I managed to get a very significant performance improvement with a number of compilation changes. These optimizations mostly work between both and I find that I get significantly better prefill and generation with ik_llama.
This is a resource to provide tips and potentially overlooked details.
While much of this guide may be usable for a full setup, it is not a complete and comprehensive guide.
1. Use Zen5 & O3 Build Arguments
This will make compilation take a lot longer, but it’s very much worth it, set these environment variables when compiling anything (BLIS, llama, etc) to enable O3 compilation optimizations, OpenMP acceleration, and Zen5 CPU instructions/optimizations:
export CFLAGS="-O3 -fopenmp -march=znver5"
export CXXFLAGS="-O3 -fopenmp -march=znver5"
2. Compile a BLAS library, specifically AOCL-BLIS from AMD
This allows more compute optimizations using AMD’s optimized fork of BLIS that is a more modern BLAS-compatible library.
Note: CBLAS compatibility is required for llama.

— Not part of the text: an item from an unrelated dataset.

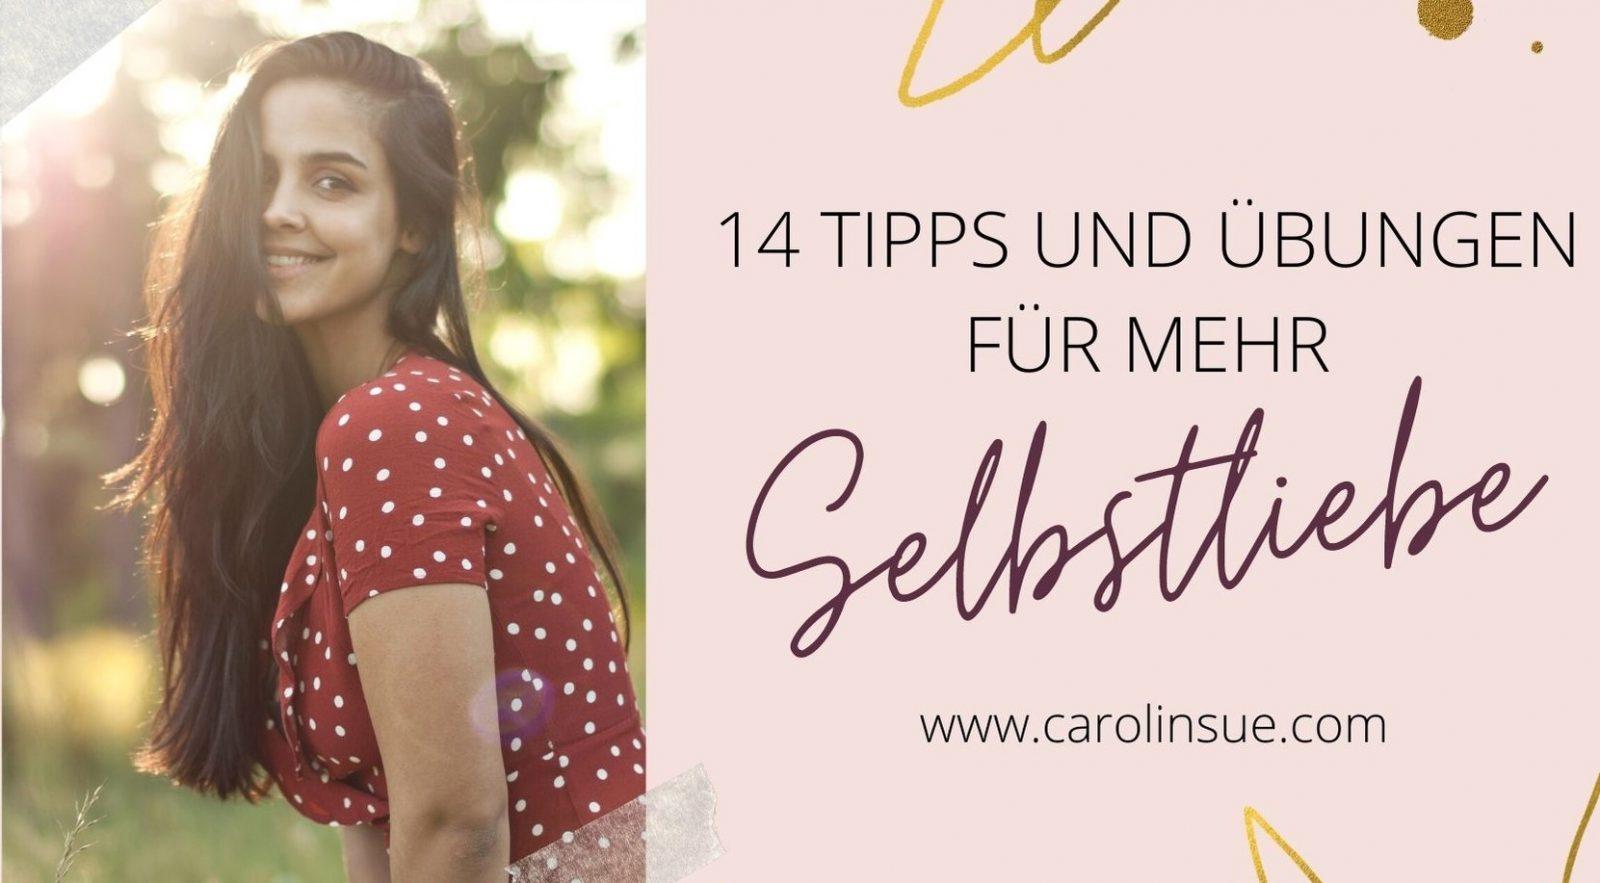 Mehr Selbstliebe – 14 Tipps & Übungen, wie du lernst dich selbst zu lieben

git clone https://github.com/amd/blis
cd blis
./configure --enable-cblas auto
sudo make install
3. Compile llama with compilation optimizations, BLIS, and CUDA optimizations
git clone https://github.com/ggml-org/llama.cpp
cd llama.cpp
cmake -B build \
--DGGML_CUDA=ON \
--DGGML_CUDA_FA_ALL_QUANTS=ON \
--DGGML_CUDA_FORCE_CUBLAS=ON \
--DGGML_BLAS=ON --DGGML_BLAS_VENDOR=FLAME \
--DGGML_NATIVE=ON \
--DGGML_NUMA_MIRROR=ON \
--DGGML_CUDA_IQK_FORCE_BF16=ON \
--DGGML_CUDA_F16=ON \
--DGGML_CUDA_MAX_CONTEXTS=256 \
--DGGML_CUDA_MIN_BATCH_OFFLOAD=256 \
--DGGML_AVX512=1 \
--DGGML_AVX512_VBMI=1 \
--DGGML_AVX512_VNNI=1 \
--DGGML_AVX512_BF16=1 \
--DCMAKE_C_FLAGS="-O3 -march=znver5" \
--DCMAKE_CXX_FLAGS="-O3 -march=znver5" \
# Note: CUDA_DMMV_X, CUDA_MMV_Y, CUDA_PEER_MAX_BATCH_SIZE may also offer benefit. I had CUDA sync stability issues that may or may not have been caused by higher values, YMMV.
cmake --build build --config Release --clean-first
# Note: Don’t forget to set a -j flag with your CPU core count to compile in threads, too high of a value without sufficient RAM will fail.
4. Run ik_llama with optimizatons
Your start command will vary, but here are some useful arguments:
--jina \
-mla 3 \ # MLA 3, often fastest for supported models
-flash-attn on \ # flash attention
-ub 2048 \ # physical batching max, consumes VRAM
-b 8192 \ # batching size
-rtr \ # runtime tensor repack optimizations
-ns 2 \ # increase number of parallel sequences
--mlock \ # keep model in RAM, don’t swap to disk
--cache-ram 400000 \ # how many tokens that can be cached to RAM as a supplement to VRAM
--cont-batching \ # enable continuous batching
--no-context-shift \ # disable trimming context start
--threads 32 # set this at or near your CPU core count